Guides

Building FastAPI with open-source tools

This guide outlines the implementation of a production-ready FastAPI architecture designed for high-concurrency LLM streaming and asynchronous database management. It focuses on solving common bottlenecks in project structure, connection pooling, and non-blocking I/O.

45 minutes5 steps

Establish a Scalable Directory Structure

Move beyond single-file applications by separating concerns into discrete modules. Use an 'app' directory containing 'api' (routes), 'core' (config/security), 'models' (SQLAlchemy), and 'schemas' (Pydantic). This prevents circular imports and simplifies testing.

project_root/
├── app/
│   ├── api/          # Route handlers
│   ├── core/         # Config, security, constants
│   ├── models/       # Database models
│   ├── schemas/      # Pydantic models
│   ├── services/     # Business logic/LLM clients
│   └── main.py       # Application entry point
├── alembic/          # Database migrations
└── docker-compose.yml

⚠ Common Pitfalls

•Placing business logic directly inside route handlers, making unit testing difficult.
•Circular dependencies between models and schemas.

Configure Asynchronous SQLAlchemy and Connection Pooling

Use 'sqlalchemy.ext.asyncio' with 'asyncpg' to handle database operations without blocking the event loop. Configure the engine with 'pool_size' and 'max_overflow' based on your expected concurrent user load.

app/core/db.py

from sqlalchemy.ext.asyncio import create_async_engine, async_sessionmaker, AsyncSession

DATABASE_URL = "postgresql+asyncpg://user:pass@localhost/db"

engine = create_async_engine(
    DATABASE_URL,
    pool_size=20,
    max_overflow=10,
    pool_pre_ping=True
)

AsyncSessionLocal = async_sessionmaker(
    bind=engine,
    autoflush=False,
    autocommit=False,
    expire_on_commit=False
)

⚠ Common Pitfalls

•Using a synchronous driver like 'psycopg2' which blocks the FastAPI event loop.
•Setting pool_size too high, exceeding the PostgreSQL 'max_connections' limit.

Implement Dependency Injection for Database Sessions

Create a dependency that yields a session to ensure every request gets its own connection and that the connection is properly closed after the request finishes, even if an exception occurs.

app/api/deps.py

from typing import AsyncGenerator
from app.core.db import AsyncSessionLocal

async def get_db() -> AsyncGenerator:
    async with AsyncSessionLocal() as session:
        try:
            yield session
            await session.commit()
        except Exception:
            await session.rollback()
            raise
        finally:
            await session.close()

⚠ Common Pitfalls

•Forgetting to call 'await session.close()', leading to connection leaks.
•Sharing a single session object across multiple concurrent requests.

Create a Streaming LLM Response Endpoint

Use FastAPI's 'StreamingResponse' with an async generator to pipe tokens from an LLM provider (like OpenAI or a local vLLM instance) to the client.
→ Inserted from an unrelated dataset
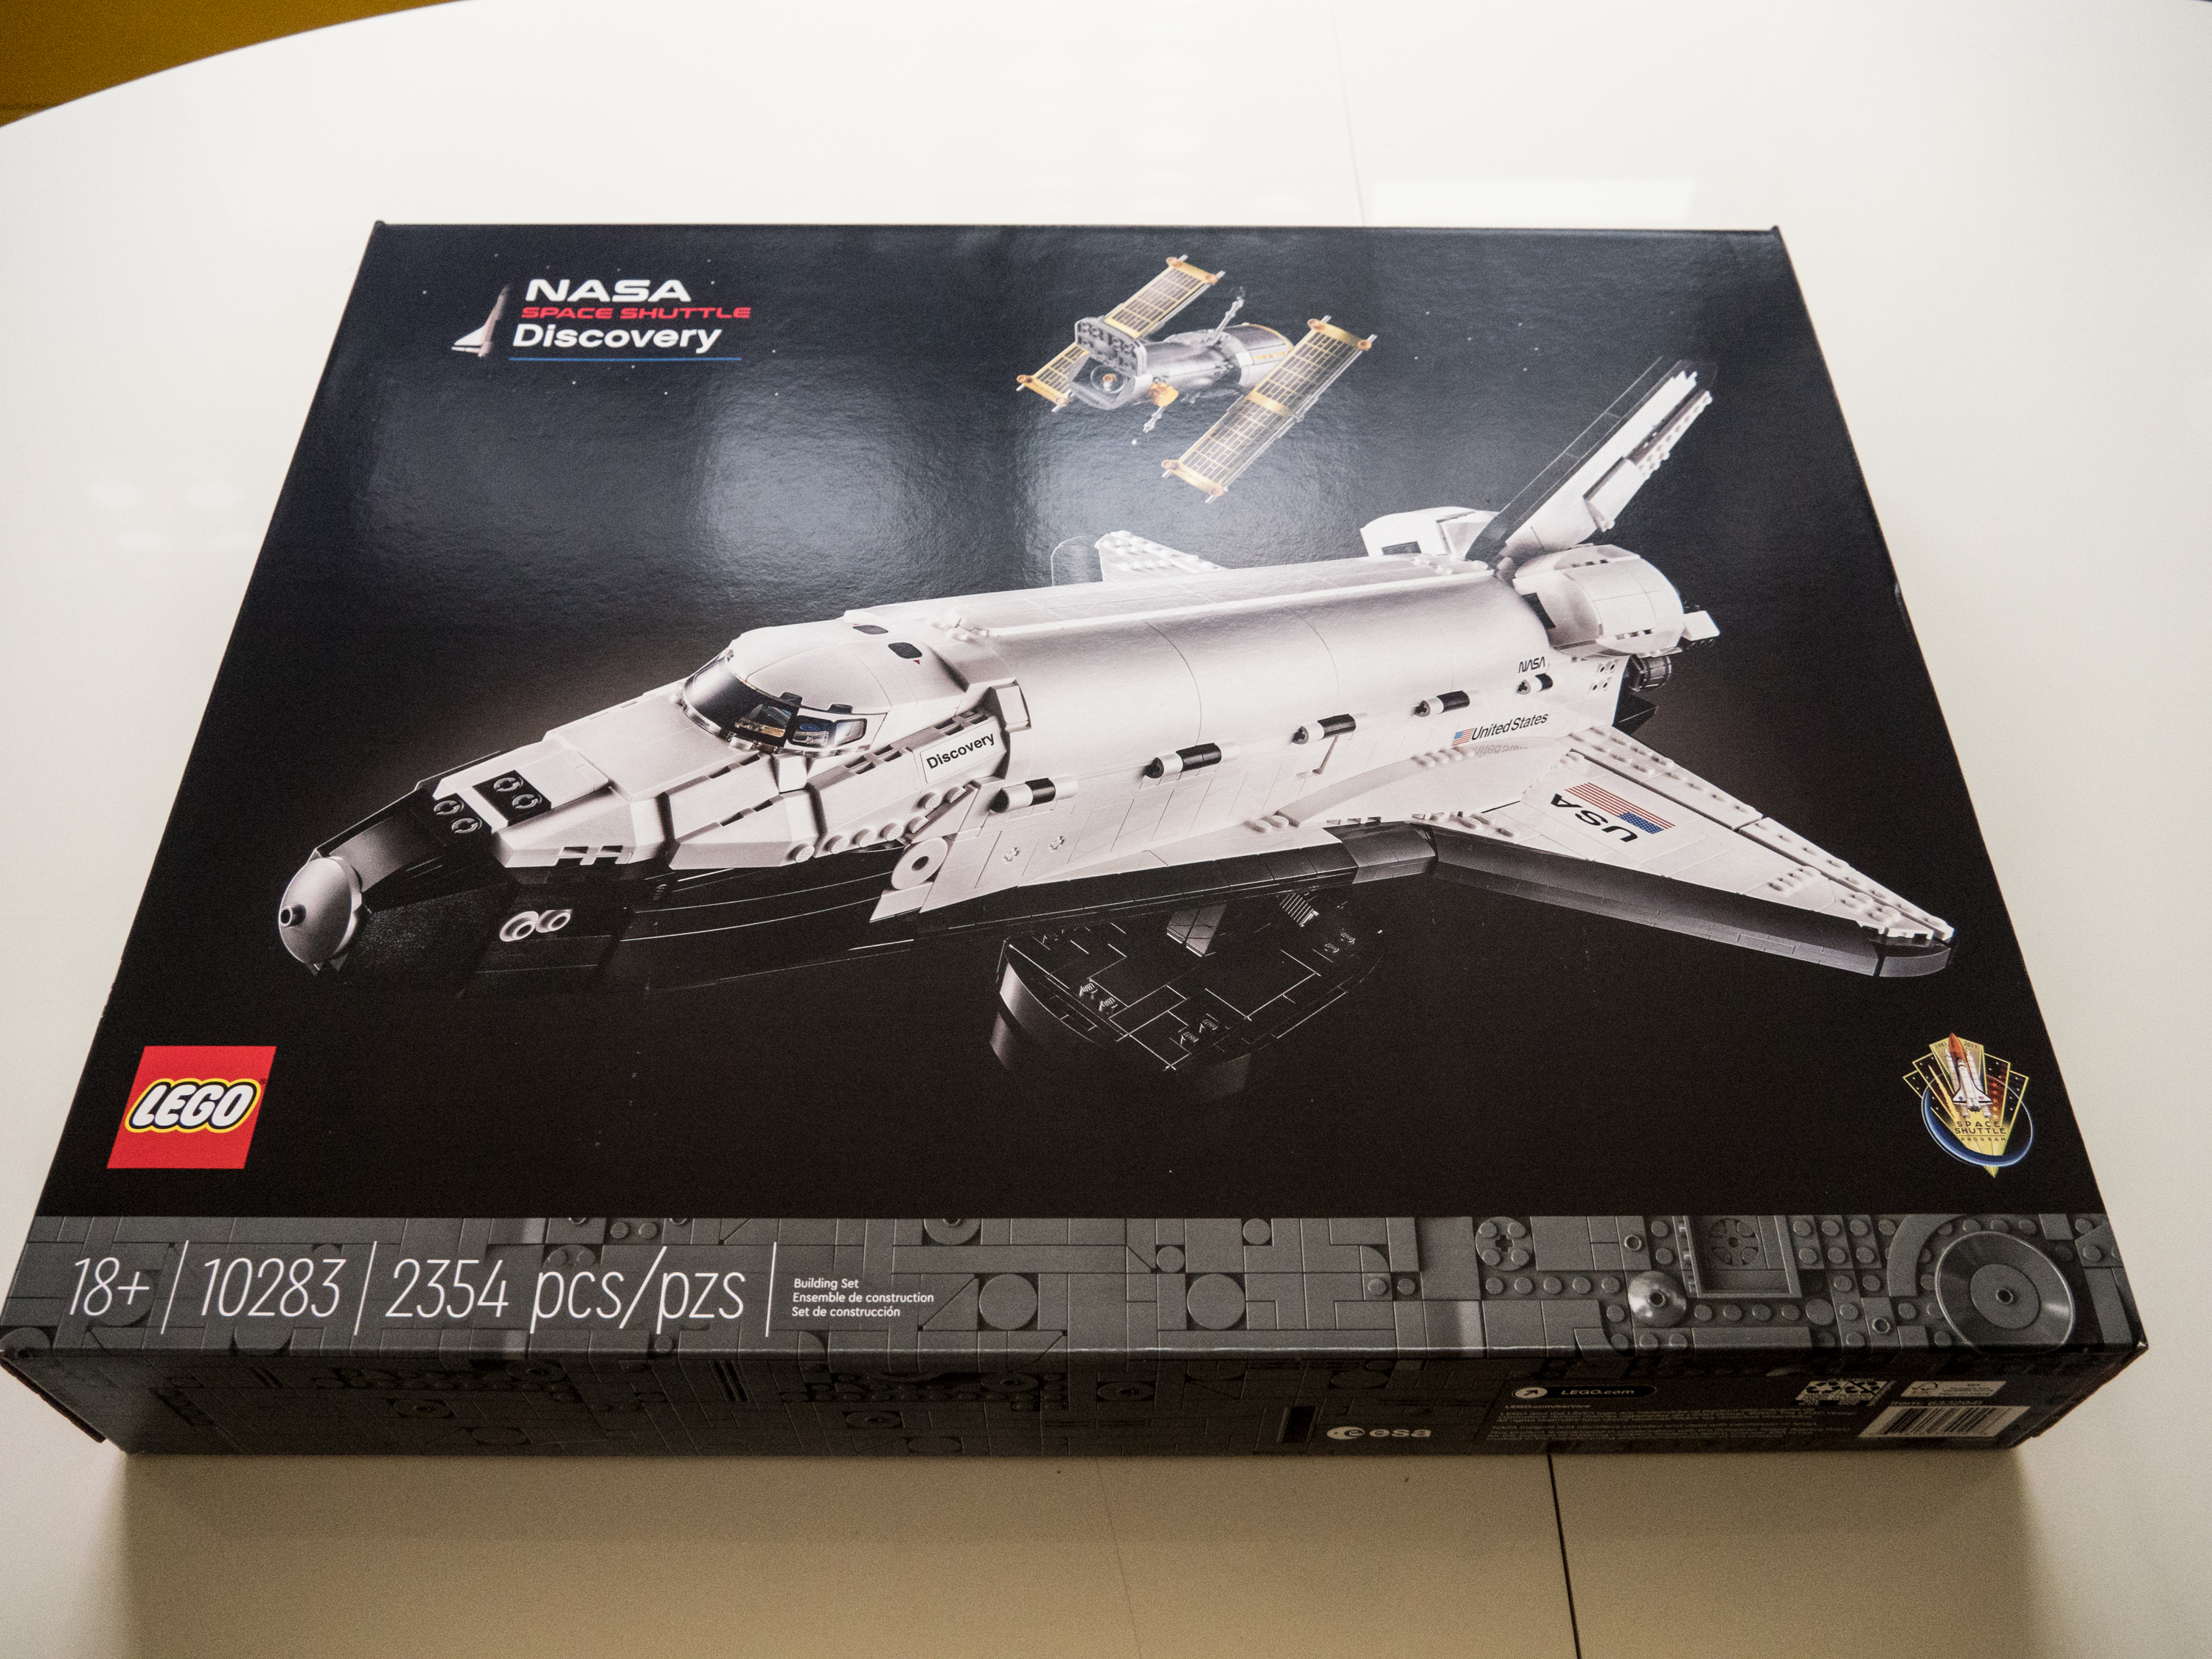 Lego has a new 2,354-piece NASA Space Shuttle set, and it's awesome Ars Technica

This reduces perceived latency by providing data as it is generated.

app/api/v1/llm.py

from fastapi import APIRouter
from fastapi.responses import StreamingResponse

router = APIRouter()

async def mock_llm_generator():
    tokens = ["FastAPI", " is", " extremely", " fast."]
    for token in tokens:
        yield f"data: {token}\n\n"
        await asyncio.sleep(0.1)

@router.get("/stream")
async def stream_llm():
    return StreamingResponse(mock_llm_generator(), media_type="text/event-stream")

⚠ Common Pitfalls

•Not setting the correct 'media_type', which can cause browsers to buffer the response.
•Using a synchronous generator that blocks the worker while waiting for the next token.

Optimize Deployment with Gunicorn and Uvicorn Workers

For production, run FastAPI behind Gunicorn using the Uvicorn worker class. This provides process management (Gunicorn) while retaining async capabilities (Uvicorn). Set the number of workers to (2 x $num_cores) + 1.

Dockerfile

CMD ["gunicorn", "-w", "4", "-k", "uvicorn.workers.UvicornWorker", "app.main:app", "--bind", "0.0.0.0:8000"]

⚠ Common Pitfalls

•Running with '--reload' in production, which significantly degrades performance.
•Using an insufficient number of workers for CPU-bound tasks like Pydantic validation on large payloads.

What you built

Following this architecture ensures that your FastAPI application remains maintainable as it grows and performs efficiently under load. By utilizing async database sessions and streaming responses, you maximize the throughput of your hardware while providing a responsive experience for AI-driven features.